In schema tracking, if a column name is changed, it is considered "a column is deleted and another column is added.
Therefore, the values contained in the existing columns will be overwritten with the values specified in the modal in ETL Configuration STEP 3. Please note
When schema tracking is performed, the settings that can be configured in TROCCO will be carried over to the tracked table.

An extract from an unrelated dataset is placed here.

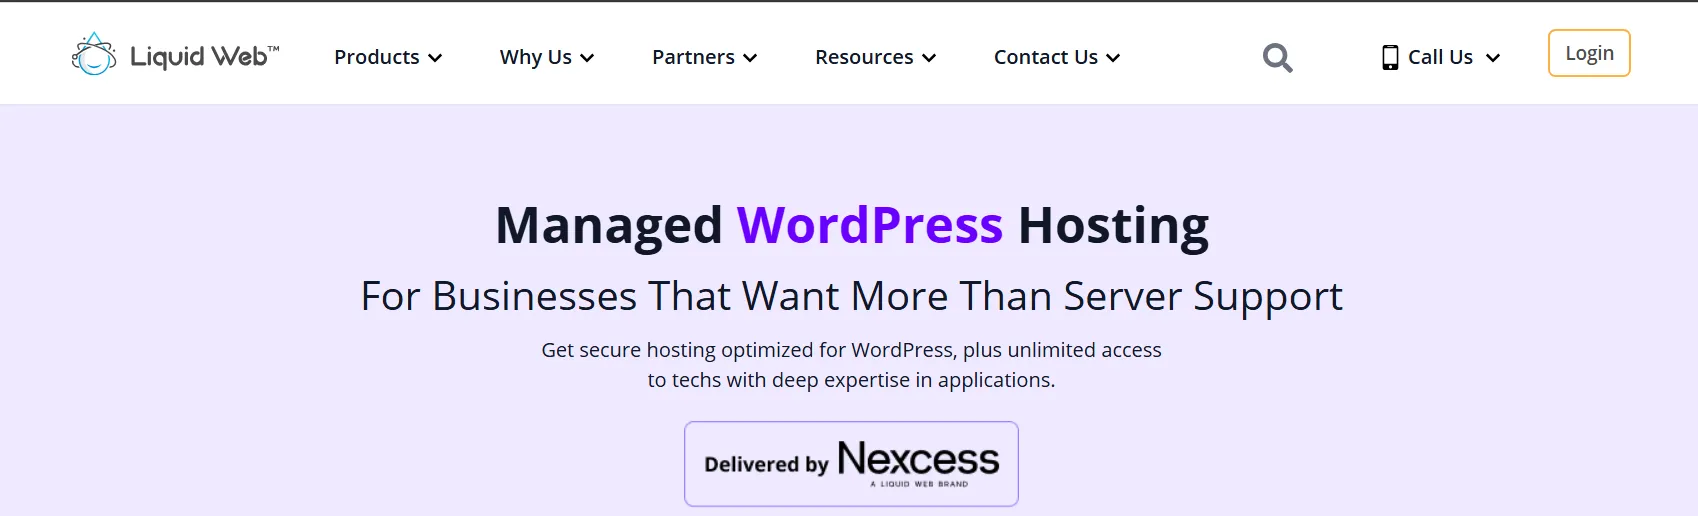 WordPress Hosting by Liquidweb

For example, the following settings, which can be configured in STEP2>Output Option in the ETL Configuration of Data Destination Google BigQuery, will be inherited.
- Column Description
- Partitioning Table
- Duration of partition
On the other hand, if various settings that cannot be configured in TROCCO are set directly on the Data Destination Connector side, the settings may be lost during schema tracking. Please note
For Data Destination Google BigQuery
- Schema tracking is available only when the following transfer modes are selected
- Postscript
(APPEND
) - Postscript
(APPEND DIRECT
) - All cases washed
(DELETE IN ADVANCE
)
- Postscript
- Schema tracking cannot be used if any of the following apply
- When using a table that refers to the schema information in ETL Configuration STEP2 Output Option****as a template
- If the Data Destination table contains a column of type
RECORD
For Data Destination Snowflake
- Schema tracking is available only when the following transfer modes are selected
- Append
(INSERT)
- Postscript
(INSERT DIRECT)
UPSERT
(MERGE
)
- Append
In Data Destination Snowflake, the ETL Job will fail if the column order does not match between the "Table Definition on the Snowflake side" and the "Column Setting in STEP 2 of TROCCO's ETL Configuration".
In addition, any new columns added by schema tracking or columns whose names or column types have been changed will have their ORDINAL order changed to the last column in Snowflake's Table Setting.
Therefore, if an error occurs in the ETL Job after executing schema tracking, please refer to the table definition on the Snowflake side and then replace the order of each column in TROCCO's Column Setting.
supplementary information
- Schema Tracking detects schema incremental data transfers based on the information in ETL Configuration.
- Schema Tracking is available regardless of whether or not features such asColumn Setting Reload andSchema Change Detection are used.
- Schema Tracking does not detect changes in column Descriptions, Output Option changes in ETL Configuration (but not Data Type changes), etc.
- For Data Destination Google BigQuery, when schema tracking is performed, the full amount of SELECT statement queries will be executed. Please be aware that this will require scanning on the Google BigQuery side.